Wrote The New Yorker in 2003: "Best-pizza arguments may be as tedious as they are futile—there’s the Patsy’s contingent, the Grimaldi’s contingent, and those lucky few who claim to know the exact identity of Original Ray." Writes The Washington Post, the restaurant in 2003 "regularly wins best-pizza-in-New York surveys. Pizza, in fact, is all it serves, except for an antipasto for $10 (mozzarella, salami, roasted peppers and olives) and a few excellent desserts. You can get a small plain pizza for $12 and a large for $14. Most toppings are $2. Truth is, you don't go to Grimaldi's for the toppings, which were more than adequate. You go for the crust, which was incomparable on our visit: thin and crunchy, almost delicate in its lightness."

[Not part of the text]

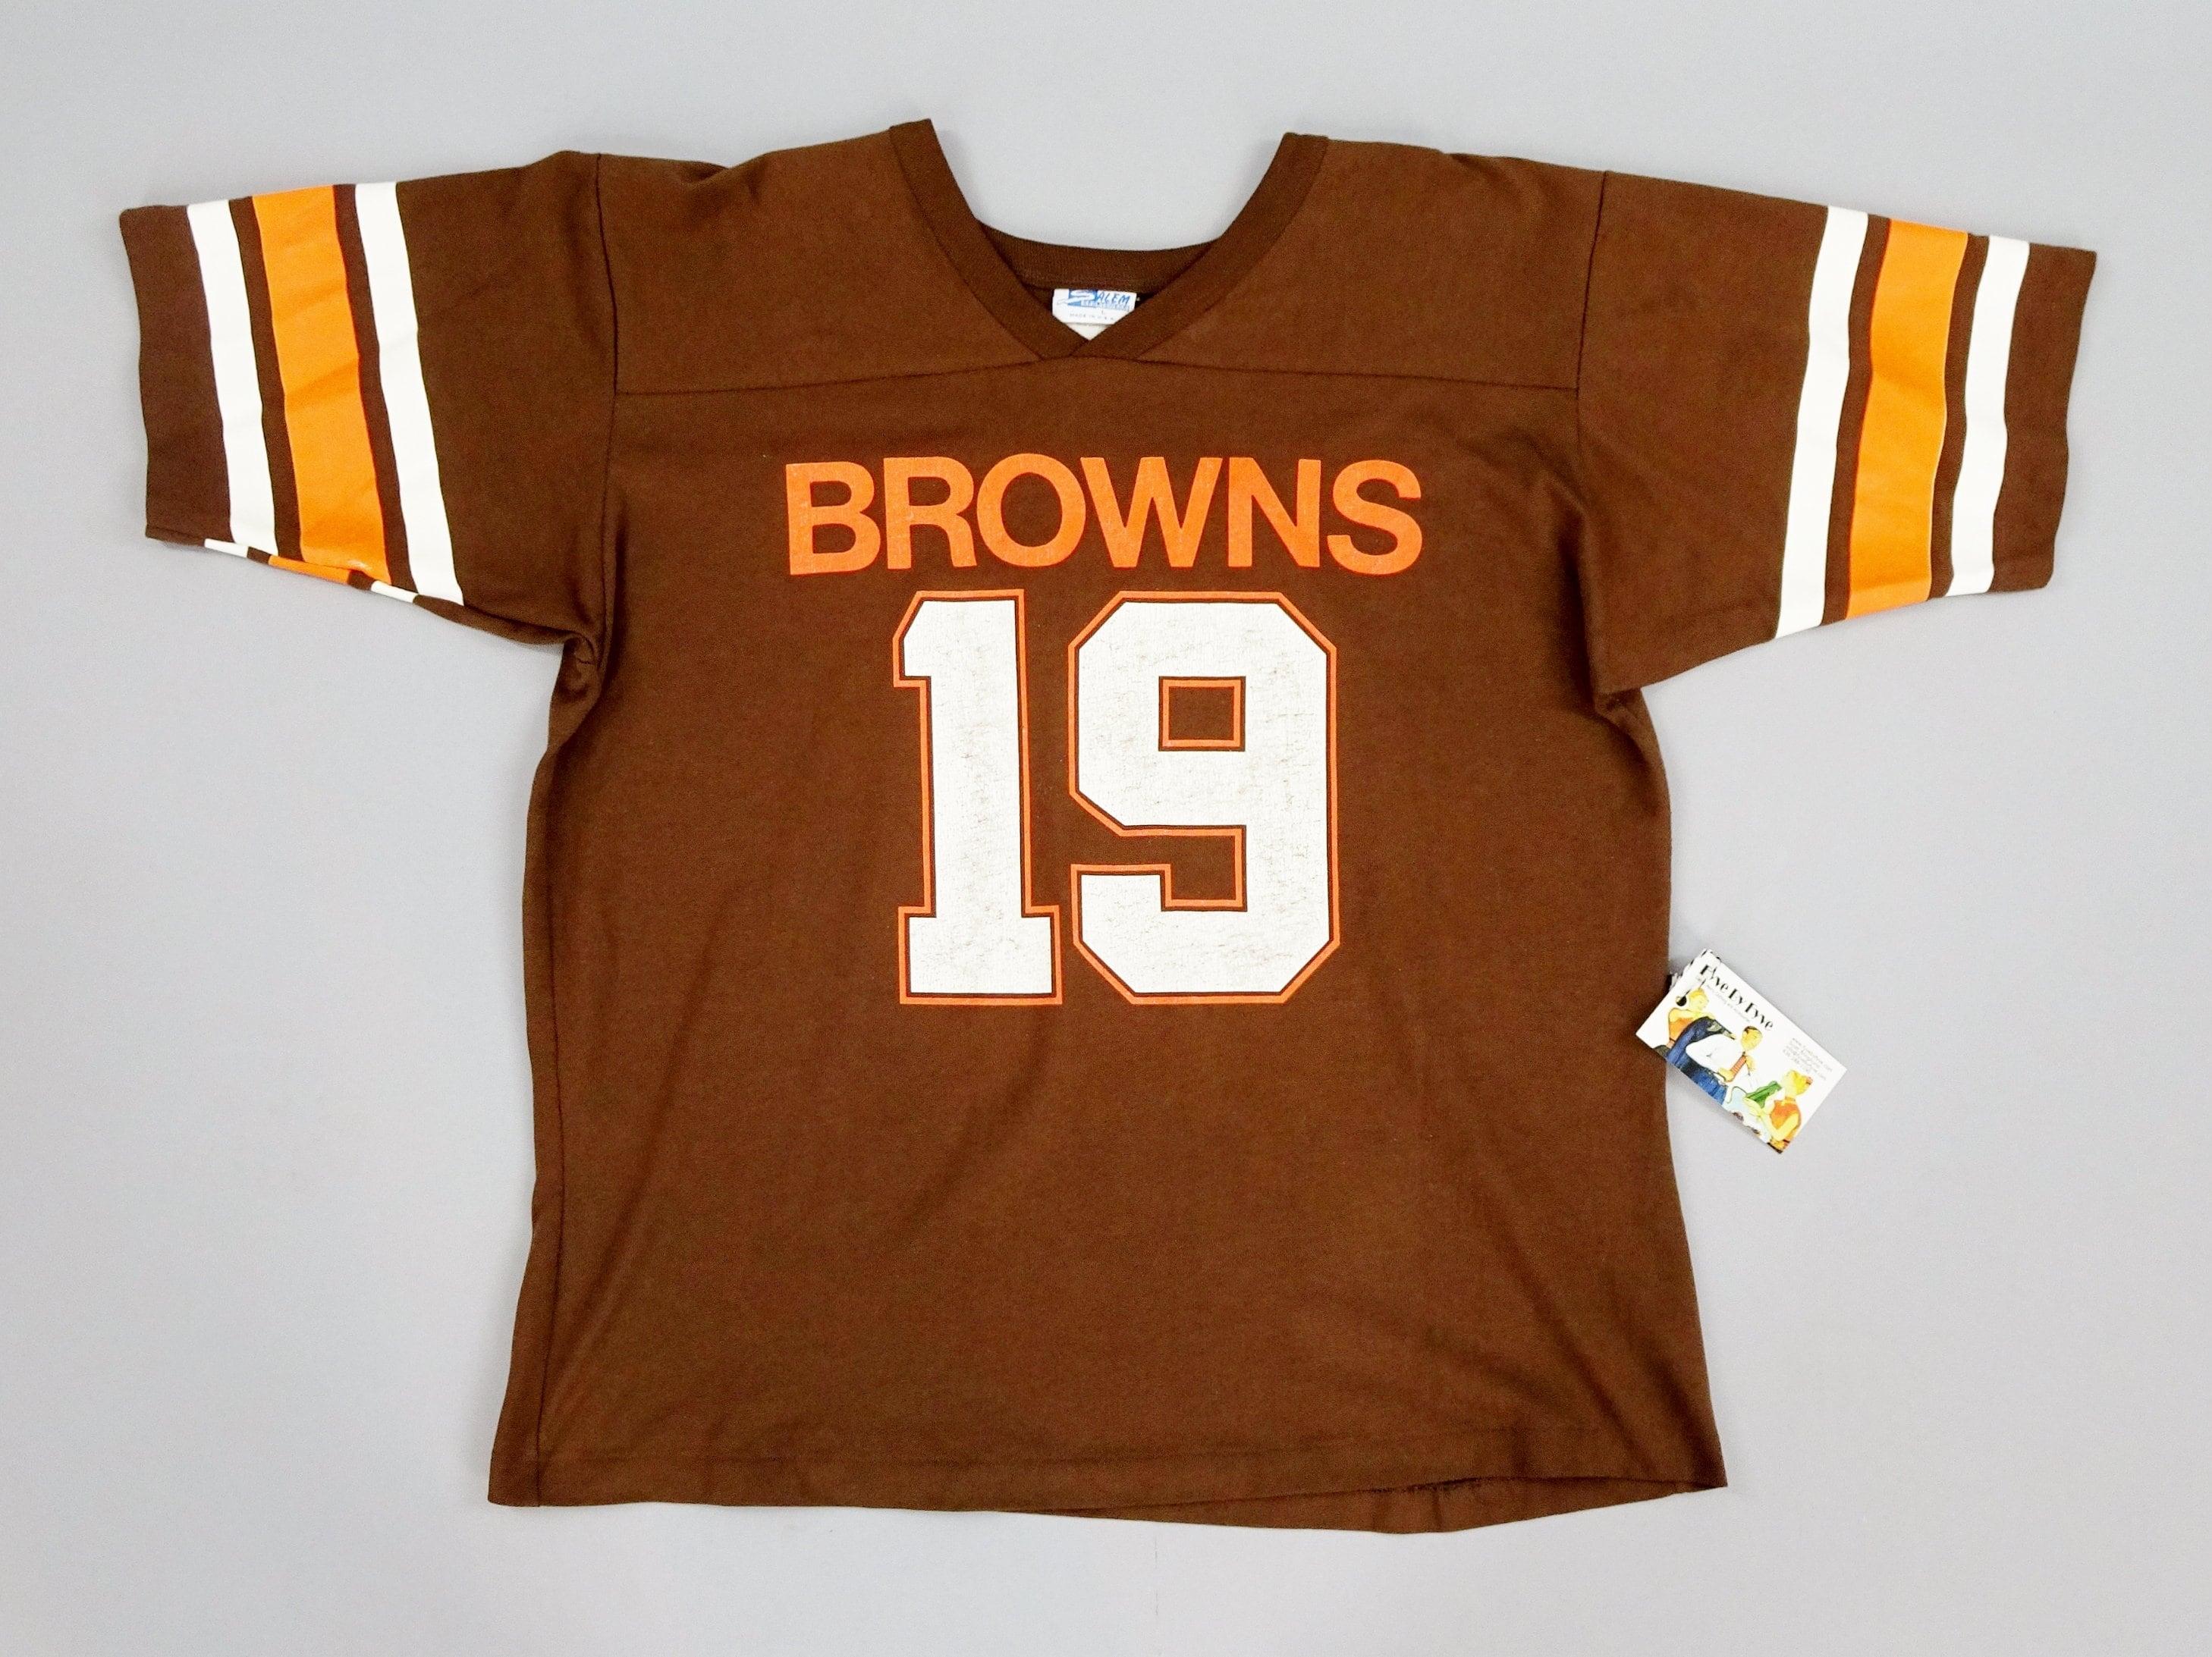 e8909572c61 Original 1980s Vintage Cleveland Browns Bernie Kosar No. 19 | Etsy
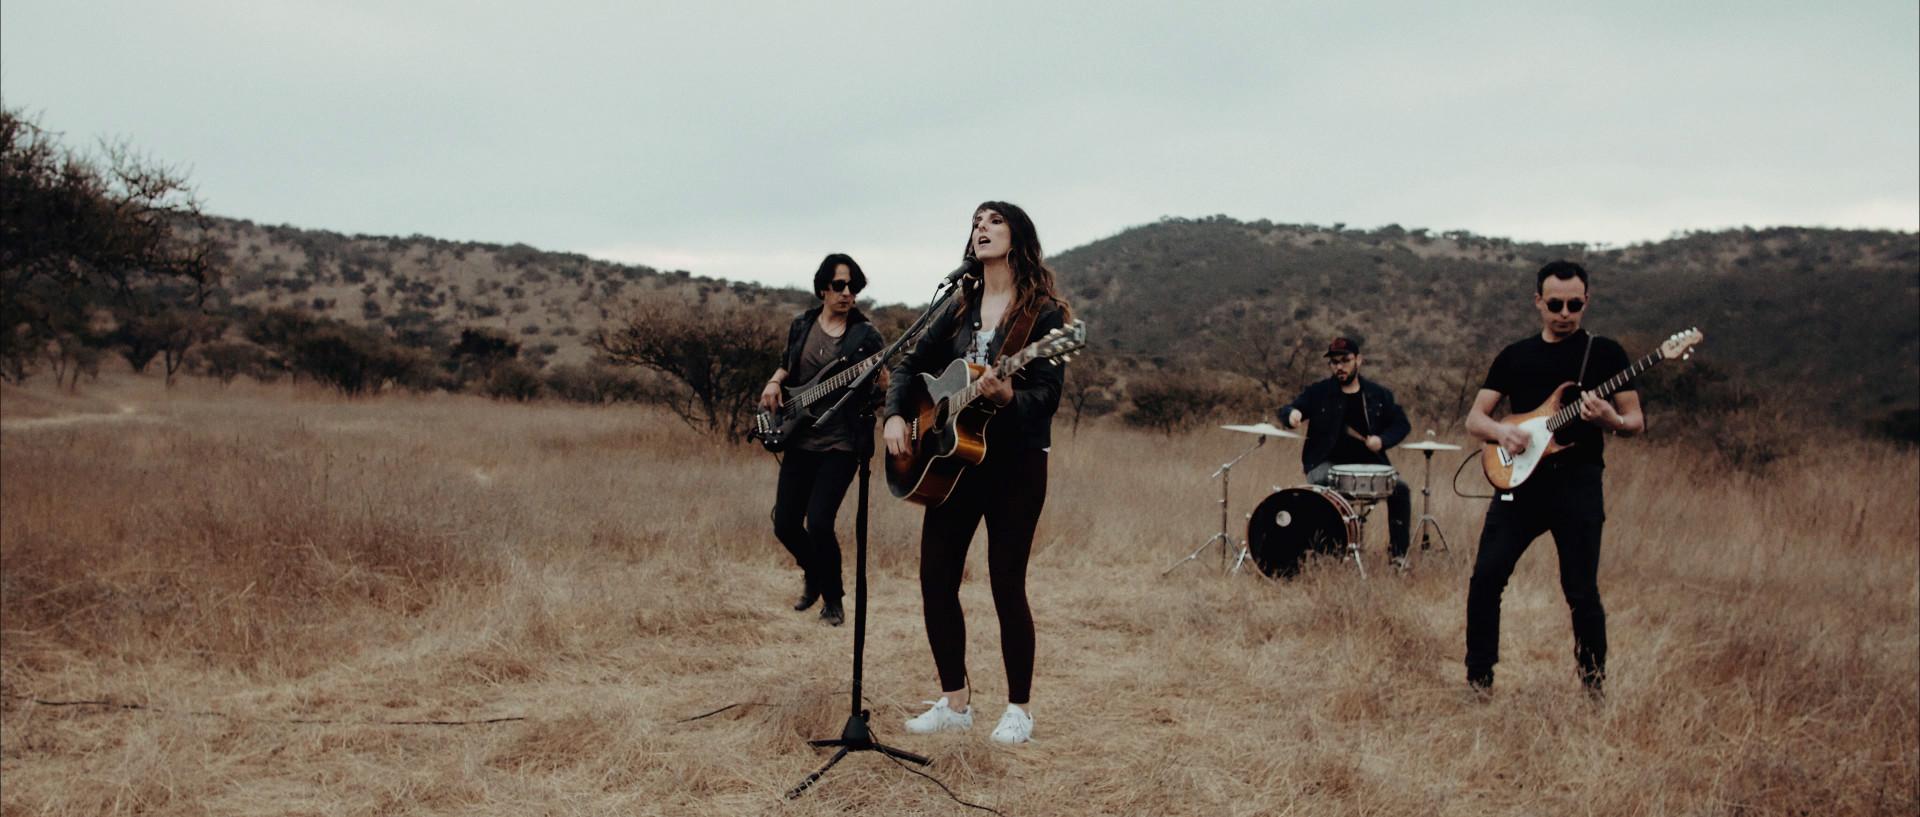 Daniela Amaya - A mi futuro - Videoclip dirigido y realizado por HolyMonkey - Productora Audiovisual - Santiago de Chile

Grimaldi's Pizzeria was one of the most acclaimed pizzerias in New York City. In March 2010, the Gothamist reported that in a visit to the Brooklyn pizzeria, Michelle Obama had "basically" said the pizza was superior to Chicago-style pizza.

Zagat Survey rated Grimaldi's the No. 1 Pizzeria in New York in 2007. It was named one of the top 10 restaurants in New York by Let's Do New York City. Grimaldi's Pizzeria was chosen as one of the five best pizzerias in United States by the Food Network. Its pizza was featured on the television show The Best Of....

==Separate chains==
There are two independently-operated Grimaldi's chains throughout the United States, each with legal rights to the name:
- The more well-known chain of Grimaldi’s Pizzeria restaurants, operated by Joseph Ciolli, runs over 45 locations and includes the original Brooklyn Bridge location and also has locations in Alabama, Arizona, Florida, Iowa, Idaho, Kansas, Kentucky, Nevada, South Carolina, Texas and Wisconsin.
- Two more locations, operated by former Patsy Grimaldi partner Sean McHugh, are located in Hoboken and Verona, New Jersey.

==Pop culture==
The location was featured in an episode of Law and Order.

==See also==
- Pizza in the United States
- List of pizza chains of the United States
- List of restaurants in New York City
- Food Wars (American TV series)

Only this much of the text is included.